Sol Frankel
Solomon Frankel was born on 31 March 1914, one of nine children, to Polish-Jewish parents in Whitechapel. London. He left school at 14 and worked as a tailor in East End sweatshops.
By his early 20s, he had become politically committed and was a veteran of the Battle of Cable Street.
He was involved in providing support at a refugee camp outside Southampton in 1937, where he erected tents and dug latrines for some 4000 Basque children who had been evacuated following the blitzing of Guernica. One day, the news came that Bilbao had fallen to Franco’s Nationalist forces. The children rioted and broke camp, desperate to return to Spain and fight for the Republic. When Sol and his fellow-helpers spent all night rounding up the kids, they were dismayed to here themselves being denounced by the youngsters as ‘fascistas’.for attempting to control them.
In autumn 1937, Sol Frankel signed up with the International Brigades, although his family was bitterly opposed to this. “Being Jewish in the East End they were dead against politics – they thought it best to keep to themselves.”
Shortly after leaving their training camp in Albacete: “We were marching along when the order was given to dig in on the side of the road. Suddenly the order was countermanded. We ran into an ambush of fascist tanks. Blinking tank was so bloody near me, he couldn’t bring his machine guns down to bear on me.

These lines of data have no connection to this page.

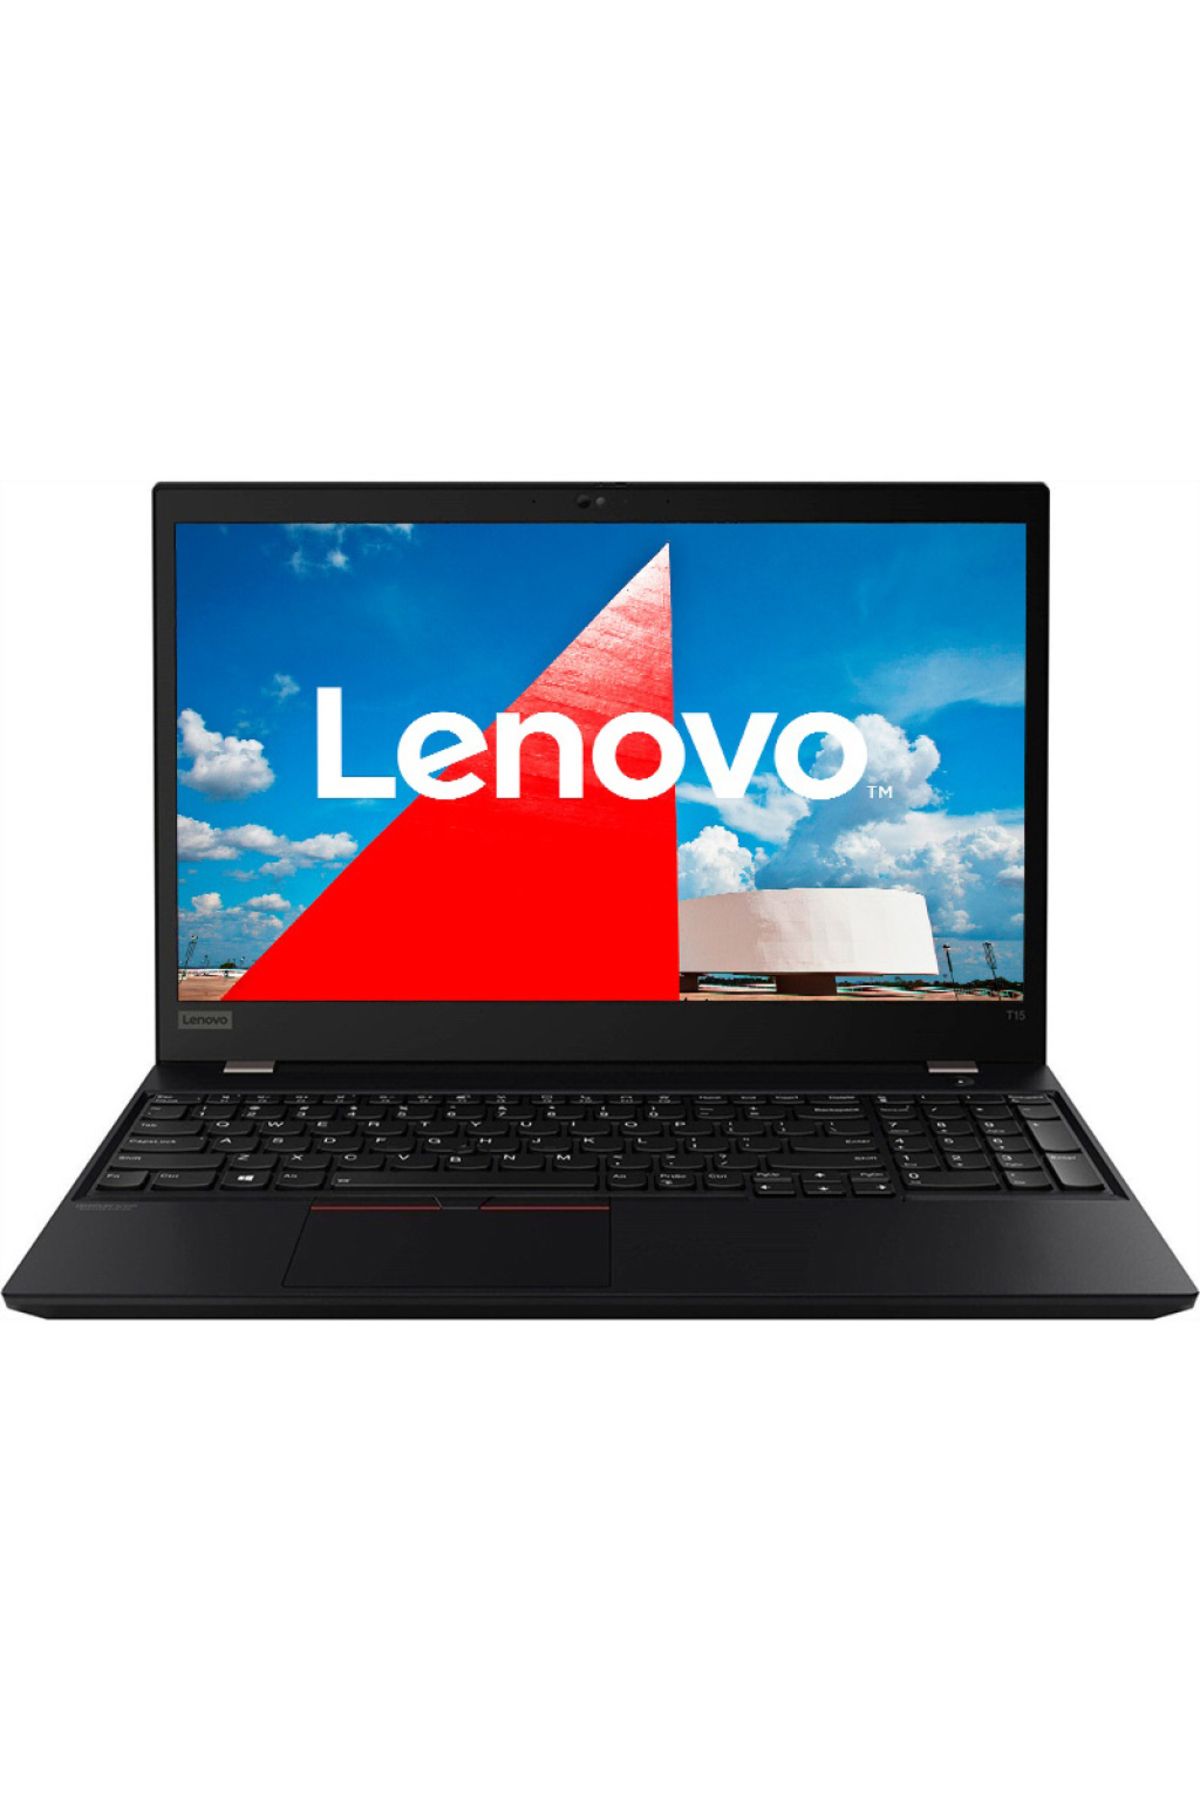 LENOVO E540 i5 4200M 8GB RAM 256GB SSD 15.6 inç Laptop Dizüstü Bilgisayar
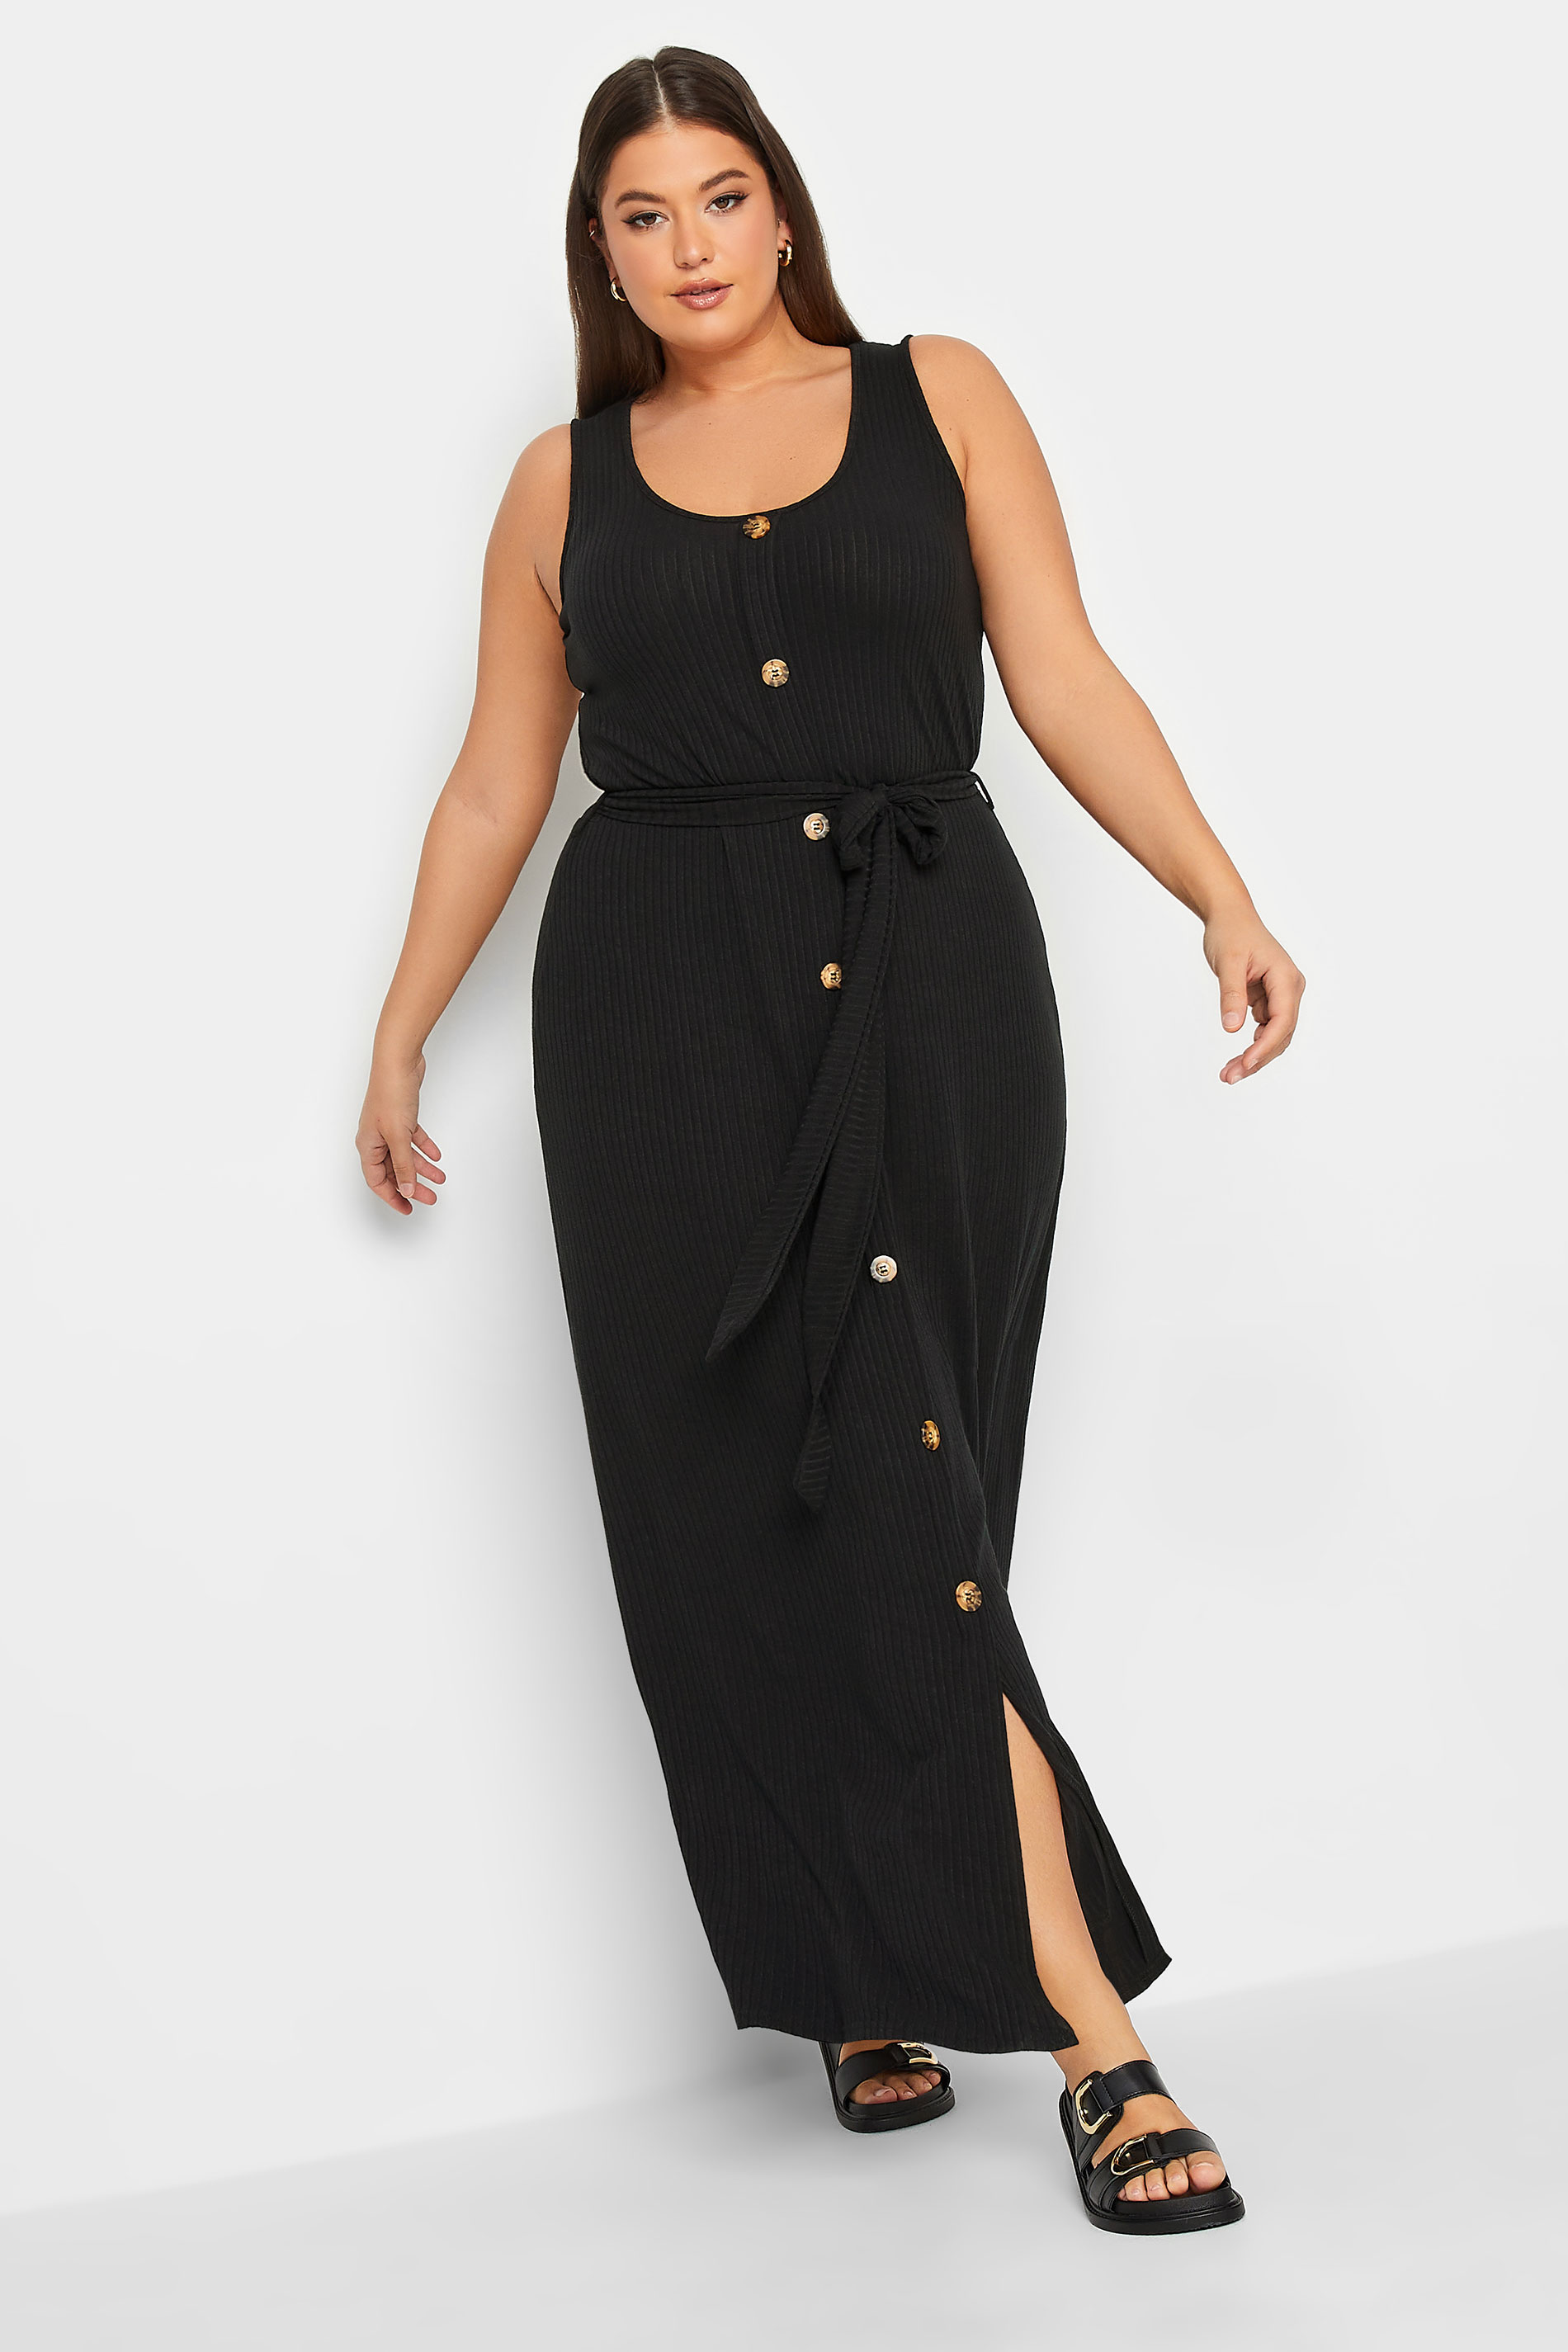 YOURS Plus Size Black Ribbed Sleeveless Maxi Dress | Yours Clothing 2
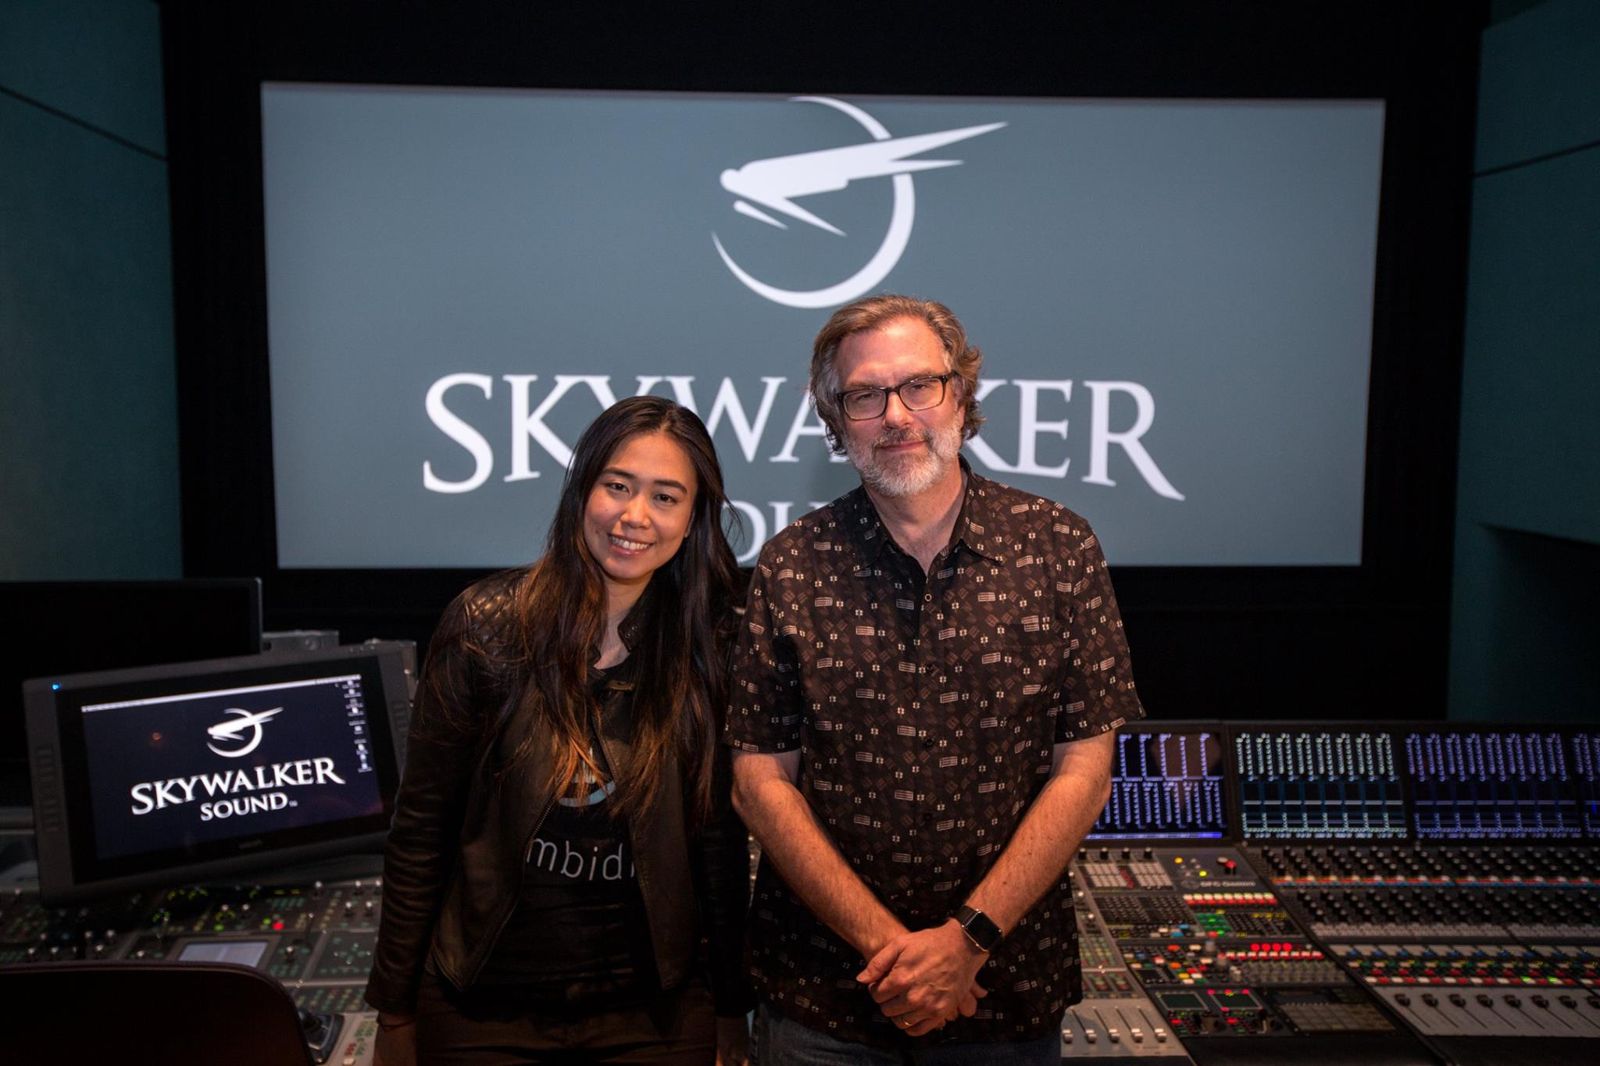 Звук teams. Skywalker Sound. Post Production Sound services by Skywalker Sound.

He fired right over my head into the side of the mountain. It was my 24th birthday.” A few months later, Sol took a bullet in his right arm at the Battle of the Ebro, the last major Republican offensive in the war, which raged from July to November 1938.
He participated in the National Union of Unemployed Workers demonstration at the Savoy Hotel in 1940.
In 1941, a Security Service file was opened on him mainly since his sister Jenny, also a member of the Communist Party, was by then working as a fitter for Handley Page, an aircraft manufacturer. Frankel was working as a shelter marshal, later as an air-raid warden, in Stepney.
Sol also contributed cartoons to the Stepney Worker, penned with his left hand, and ended up marrying the editor Peral Simonson in 1943.
In the long run, Sol was able to return to his trade as a tailor by switching to his left hand and learning to grip the cloth with his disabled right. His injury would rule him out of fighting in World War II, and he worked as a volunteer air-raid patrol warden – vital work in the Blitz of London.
Sol Frankel was a workplace branch secretary for several London clothing manufacturers after the war. He was also, for a long part of the post-war period, a prominent London Communist Party member. But he and his wife left the Communist Party in 1968, in a protest against the Soviet intervention in Czechoslovakia; Sol rejoined Labour.
Sol didn’t return to Spain until the death of Franco in 1975, returning once more in 2003 for the 65th anniversary commemorations for the Battle of the Ebro, when large numbers of International Brigades fighters were reunited. Sol Frankel died on 18th May 2007, aged 93.